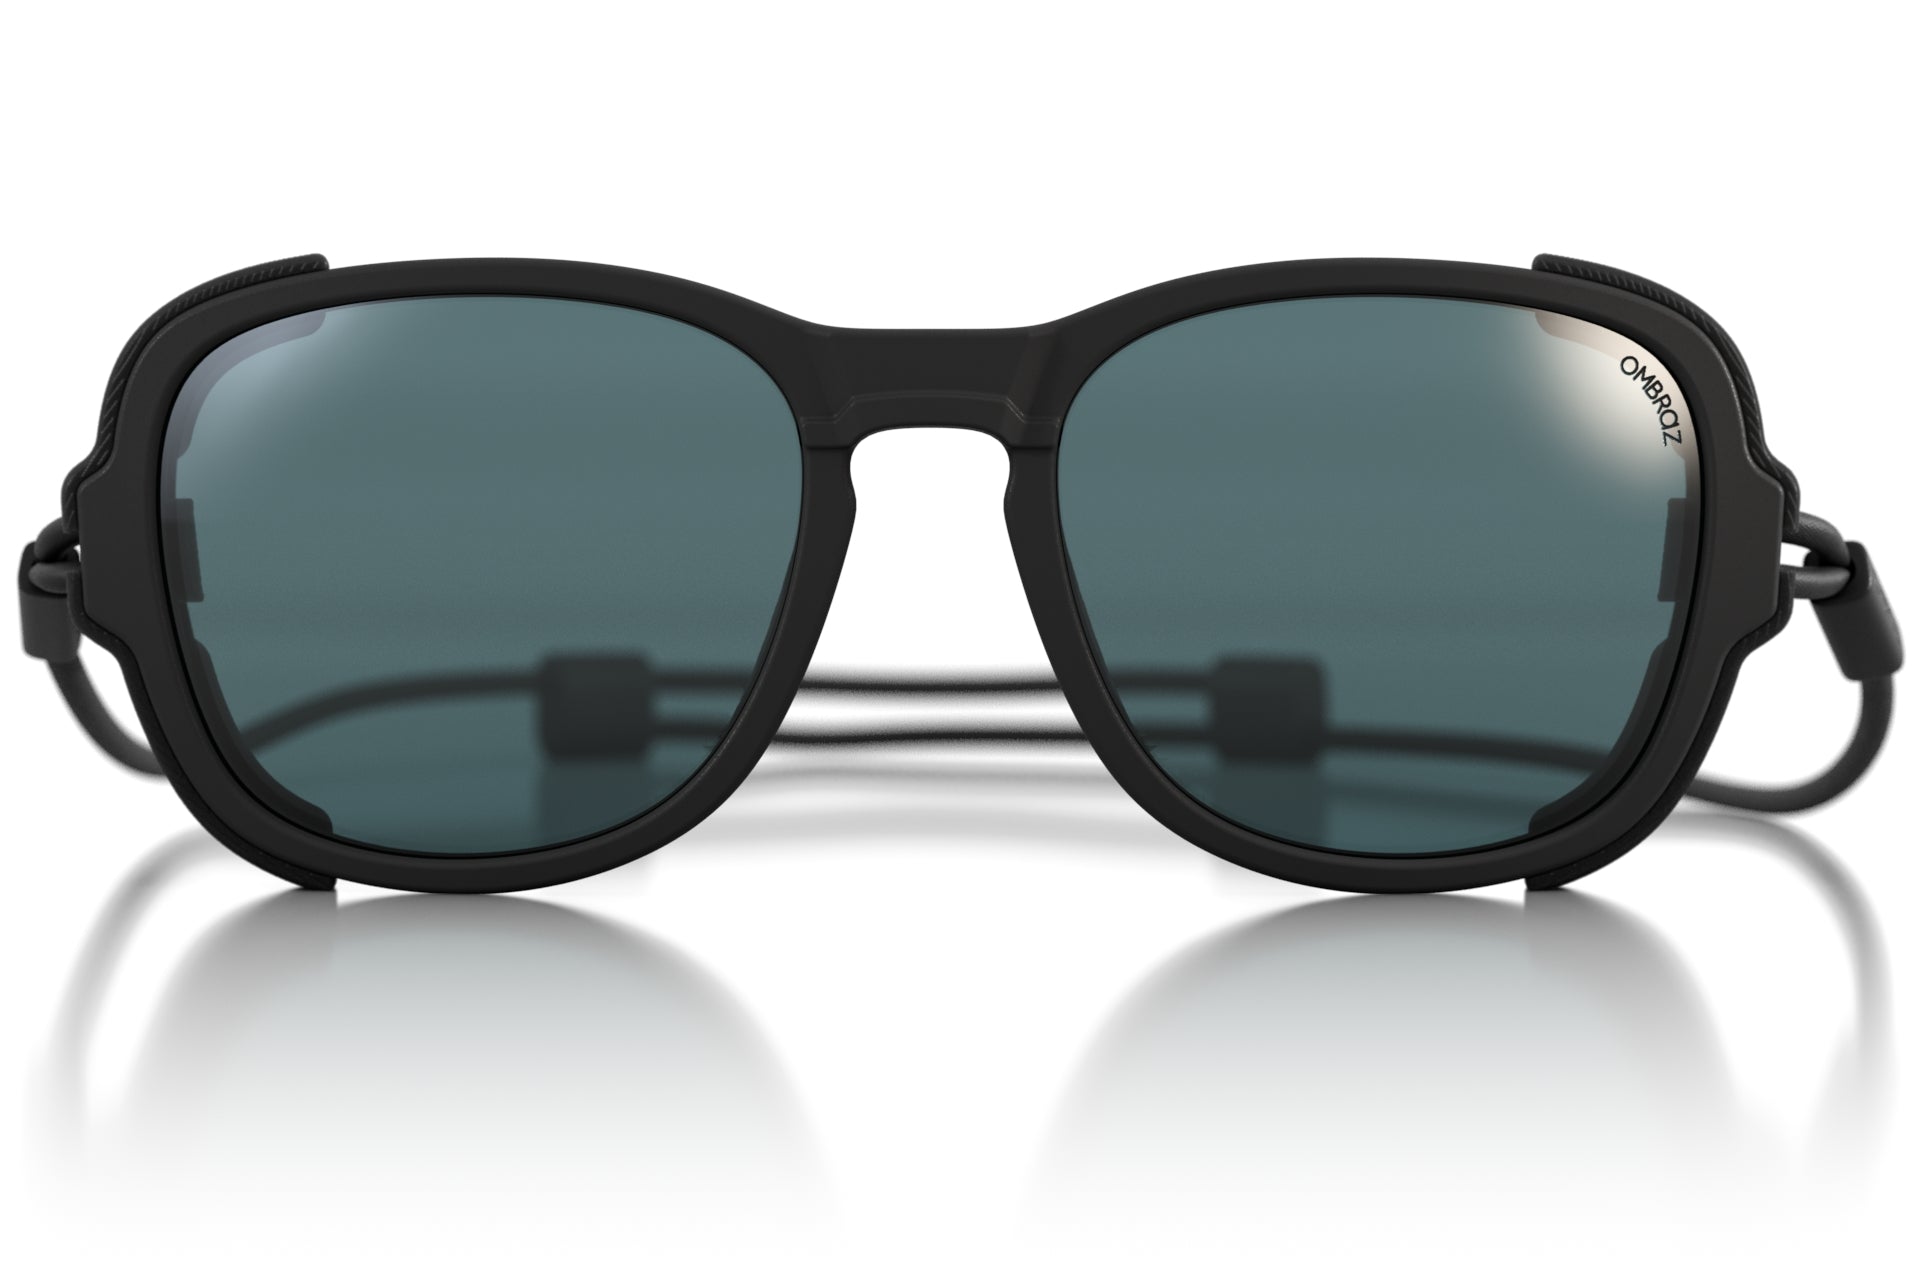 Tortoise_grey Ombraz unisex tortoise grey classic armless sunglasses with strap
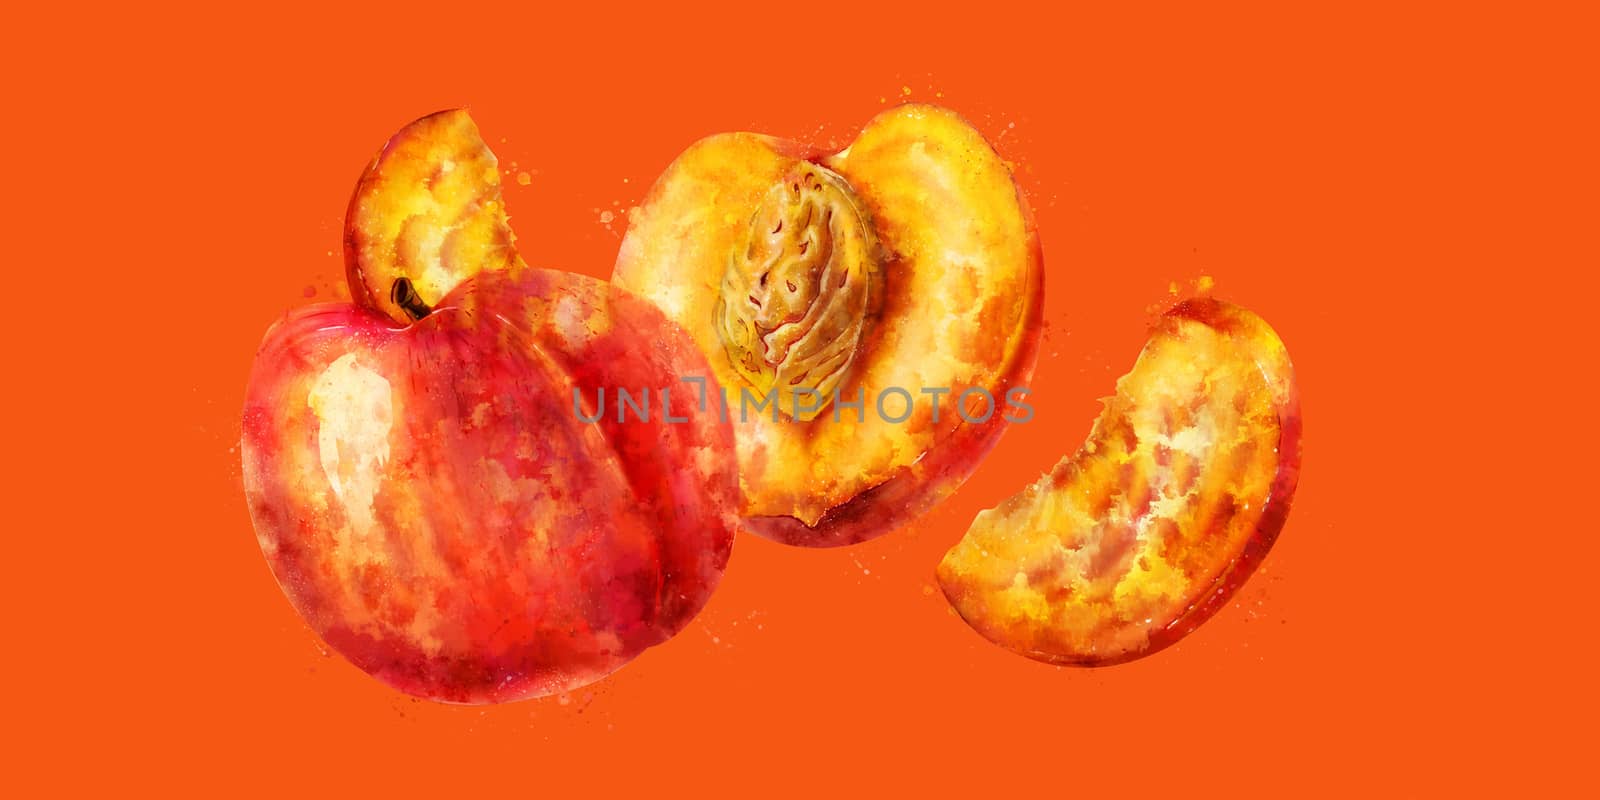 Peach, hand-painted illustration on orange background
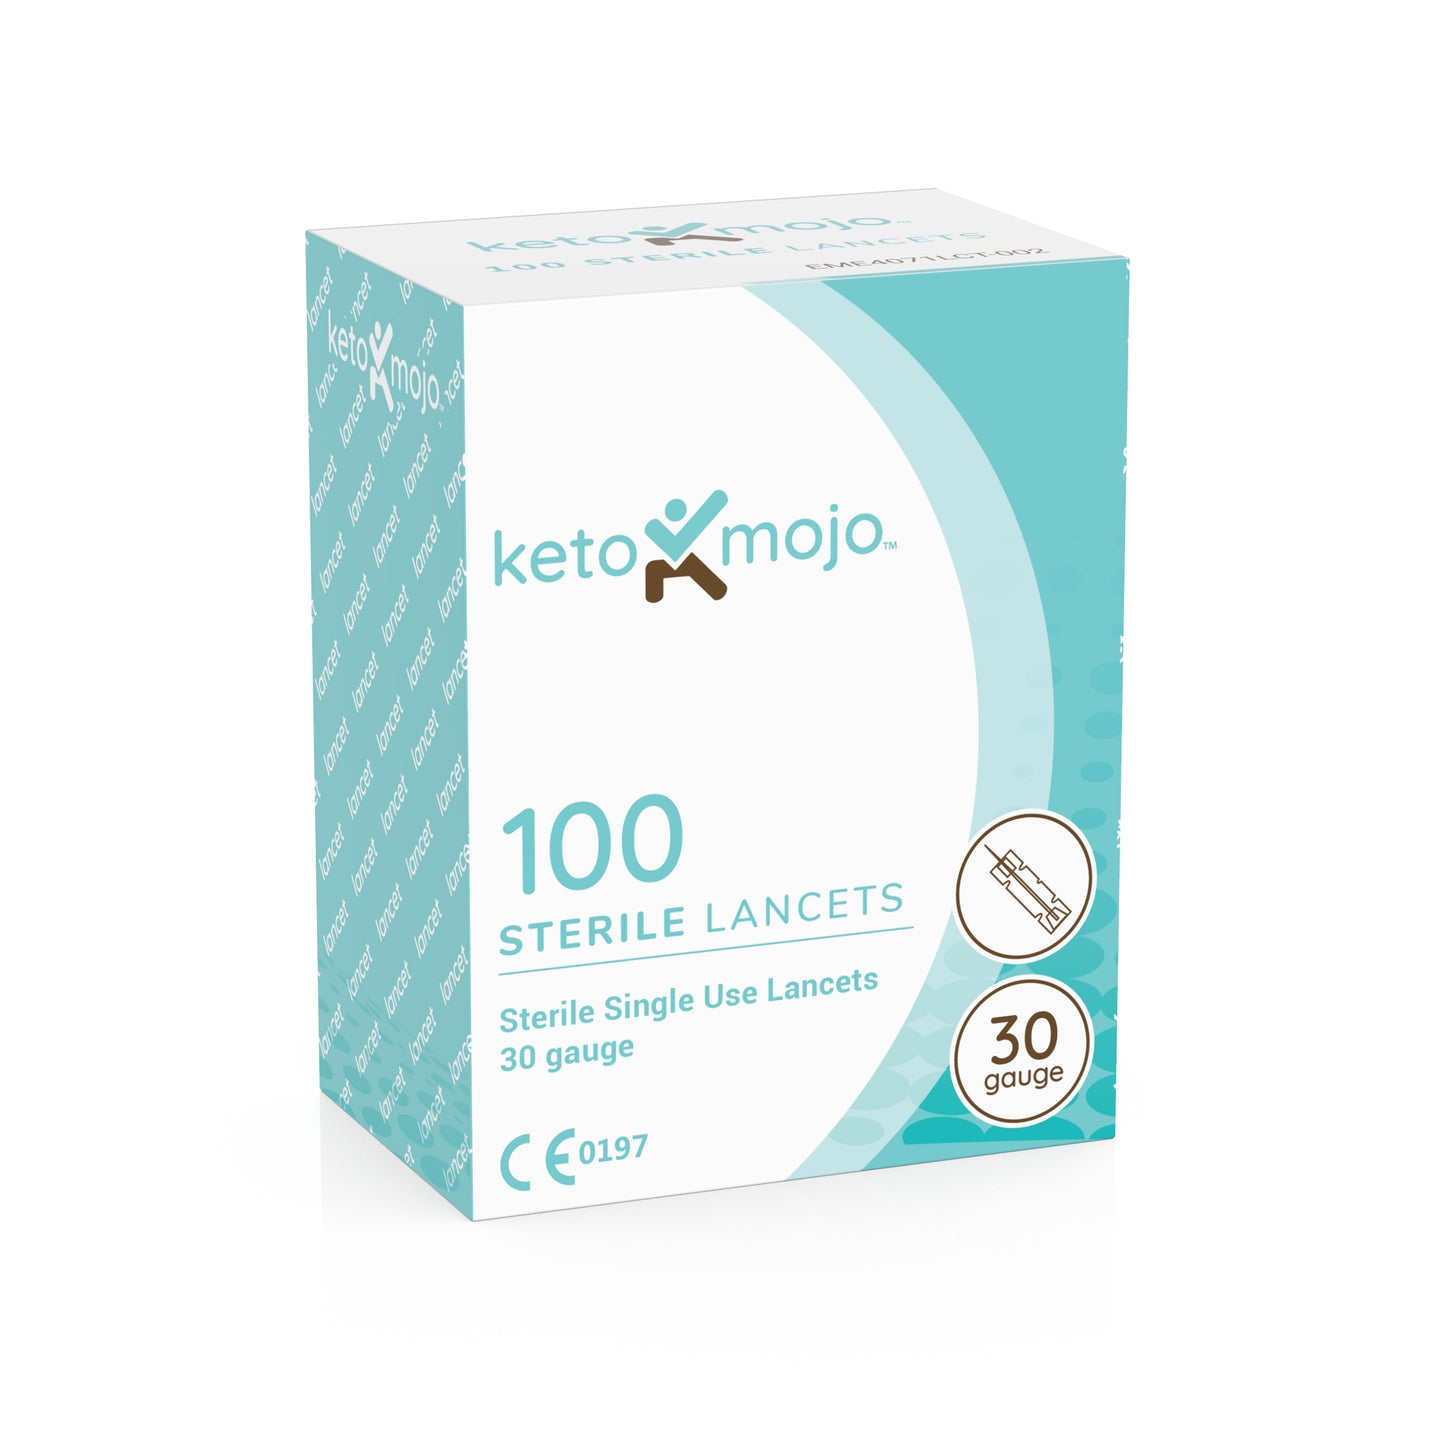 GKI Glucose & Ketone Strip Combo Pack + Lancets - THE SUPER PACK
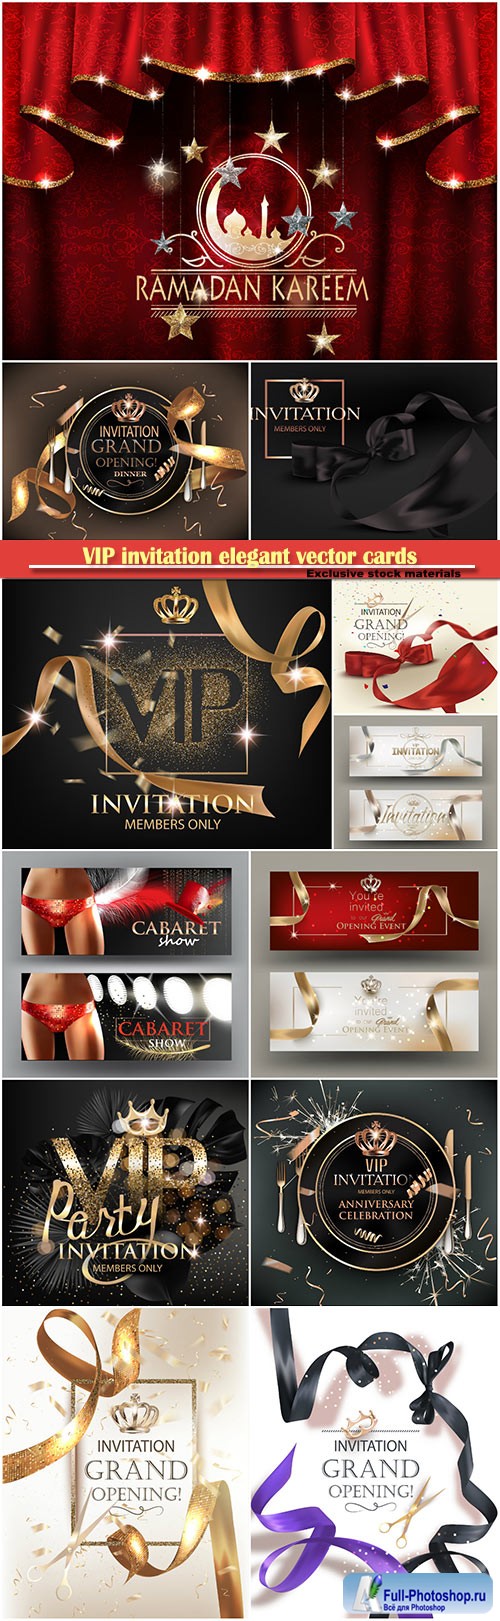 VIP invitation vector card, grand opening and Ramadan kareem card

**What to produce**
Every line above should be printed again word for word, without its pictures.

**Final answer**
 Tortoise_grey Ombraz unisex tortoise grey classic armless sunglasses with strap
 Peach, hand-painted illustration on orange background
 GKI Glucose & Ketone Strip Combo Pack + Lancets - THE SUPER PACK
 VIP invitation vector card, grand opening and Ramadan kareem card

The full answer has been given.